We applied the Cochin RPS in the independent Itinerair-Sclérodermie cohort of patients recruited between September 2002 and July 2003 (2, 3). Briefly, an algorithm for the detection of pulmonary arterial hypertension (PAH), based on the presence of dyspnea and findings of Doppler echocardiographic evaluation of the velocity of tricuspid regurgitation (VTR), was applied to 384 patients without evidence of PAH at the first visit. Patients with a VTR ranging from 2.8 meters/second to 3.0 meters/second with unexplained dyspnea or patients with a VTR of >3.0 meters/second underwent right-sided heart catheterization. Of note, we excluded SSc patients with known severe lung fibrosis (FVC or total lung capacity <60% of predicted), which poses a higher risk of development of PH, and patients with known severe cardiac disease, who have a higher risk of developing postcapillary PH. The characteristics of our population did not differ from those of the population studied by Meune et al with regard to age (mean 53 years versus 55 years), sex (87% female versus 81% female), antitopoisomerase antibody positivity (28% versus 25%), and anticentromere antibody positivity (47% versus 41%). Over a mean ± SD followup period of 41.03 ± 5.66 months, PAH was diagnosed in 8 patients, postcapillary PH was diagnosed in 8 patients, and precapillary PH was diagnosed in 2 patients due to lung fibrosis (incidence of precapillary PH was 0.76 per 100 patient-years). Interestingly, the incidence of PH due to lung fibrosis was similar to that reported by Meune et al.

We used the formula and the classification thresholds for PH risk proposed by Meune and colleagues to analyze our cohort. Among 346 patients (missing data did not allow for the calculation in 38 patients), 207 patients (59.83%) were at low risk, 108 (31.21%) were at intermediate risk, and 31 (8.96%) were at high risk of developing PH during the followup. Of the 8 patients diagnosed as having PAH during followup, 5 were classified as high risk, 1 as intermediate risk, and 2 as low risk.
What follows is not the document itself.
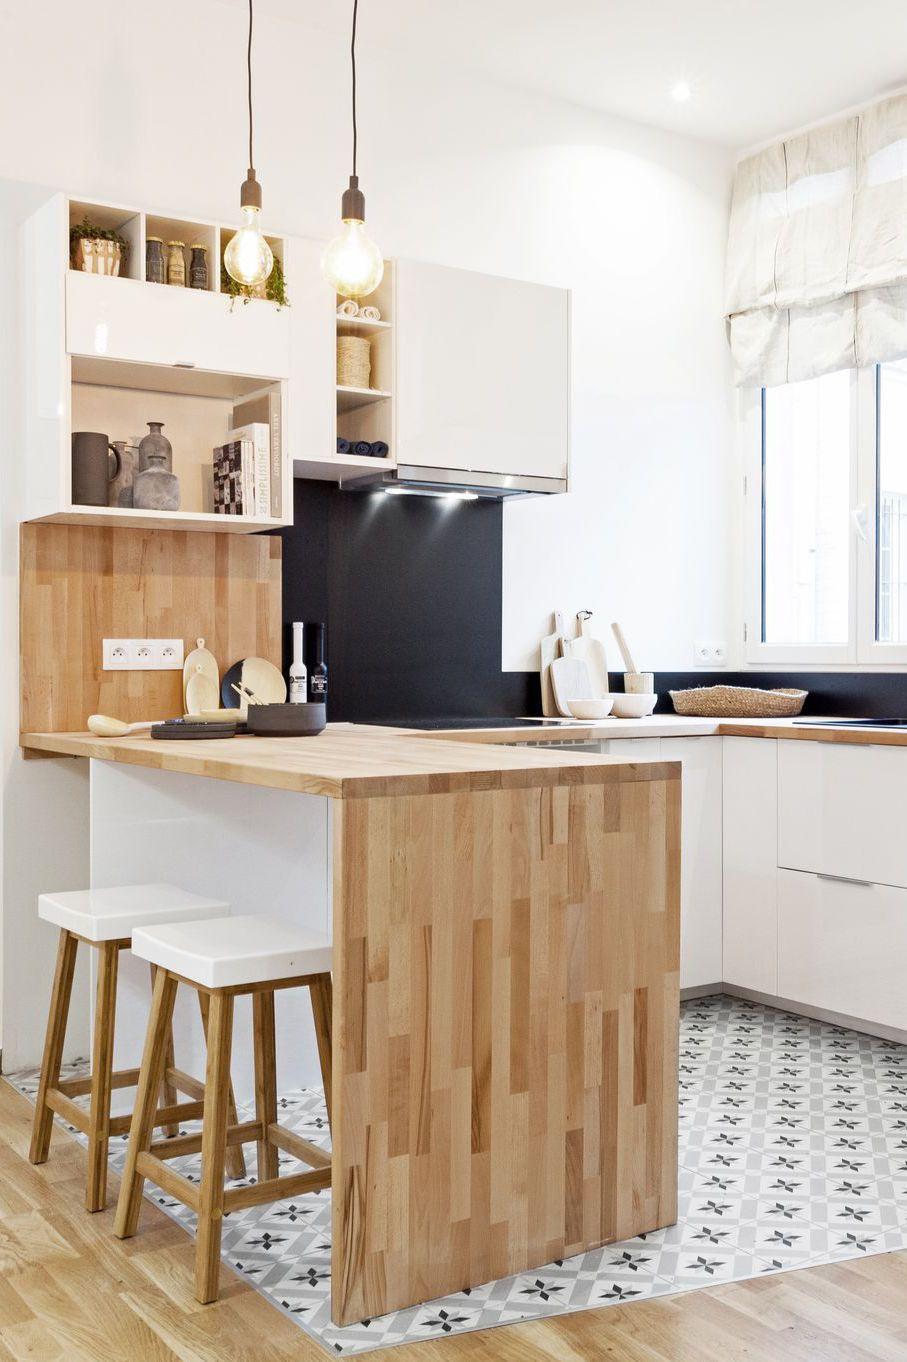 Lampe cuisine inspirations pour trouver son style kitchens

Of the 2 patients with PH associated with severe fibrosis, 1 was classified as intermediate risk and the other as low risk.
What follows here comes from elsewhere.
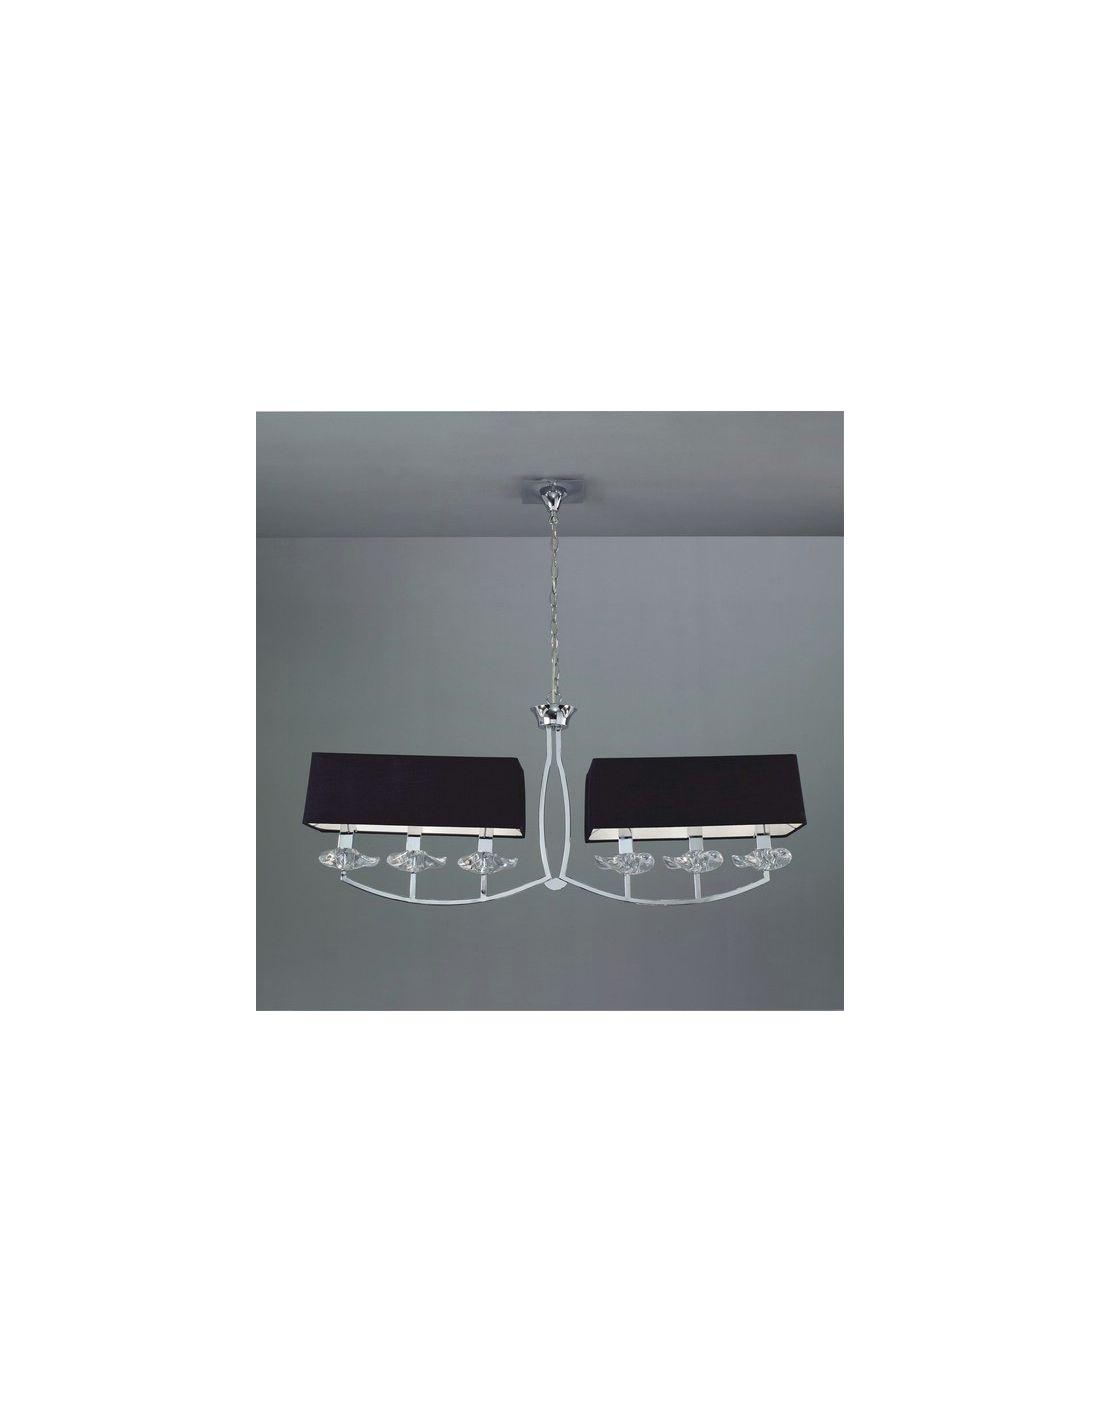 Lamparas lamparas modernas lamparas de techo modernas - Lamparas techo modernas ...

Moreover, among the factors age, FVC, and DLCO/ VA, only the latter was significantly associated with PAH (P = 0.01), presumably because we excluded patients with severe lung fibrosis at baseline. Applying the proposed cutoff value of 2.73 in our cohort, we found 50.0% sensitivity and 86.0% specificity, yielding a 9.6% positive predictive value and a 98% negative predictive value to predict precapillary PH. The likelihood ratio allows us to calculate pretest and posttest probability of precapillary PH using Bayes theorem. For 346 patients, the 3-year incidence of precapillary PH was 2.9% in the Itinerair-Sclérodermie cohort and 3.9% in the Meune et al cohort. These values can be considered as the pretest probability of precapillary PH in these populations. Knowing the results of the Cochin RPS would lead to a posttest probability of 9.64% in the Itinerair-Sclérodermie cohort and 12.66% in the Meune cohort. Clearly, knowing the results of the Cochin RPS had a modest but not meaningless effect in both cohorts. Being classified in the low-risk subset did not exclude the risk of PH occurrence within a 3-year period. Nevertheless, such an approach is helpful for identification of patients who need closer monitoring and for early detection of the disease, which may result in better long-term outcomes (4). In addition, it reinforces the message that SSc patients with low DLCO (which is highly correlated to DLCO/VA) in the absence of lung fibrosis are at risk of developing PAH (5), and that SSc patients with a low FVC due to severe lung fibrosis are at risk of developing precapillary PH (6). The Cochin RPS may be helpful in clinical practice for close monitoring of high-risk SSc patients.


Dr. Humbert has received speaking fees and honoraria from Actelion, Bayer, GlaxoSmithKline, Lilly, Novartis, Pfizer, and United Therapeutics (less than $10,000 each).

Eric Hachulla MD, PhD*, Pierre Clerson MD†, Marc Humbert MD, PhD‡, * Hôpital Claude Huriez, Université de Lille 2, Lille, France, † Orgamétrie, Roubaix, France, ‡ Université Paris-Sud 11, INSERM U999 and Hôpital Antoine Béclère, AP-HP, Clamart, France.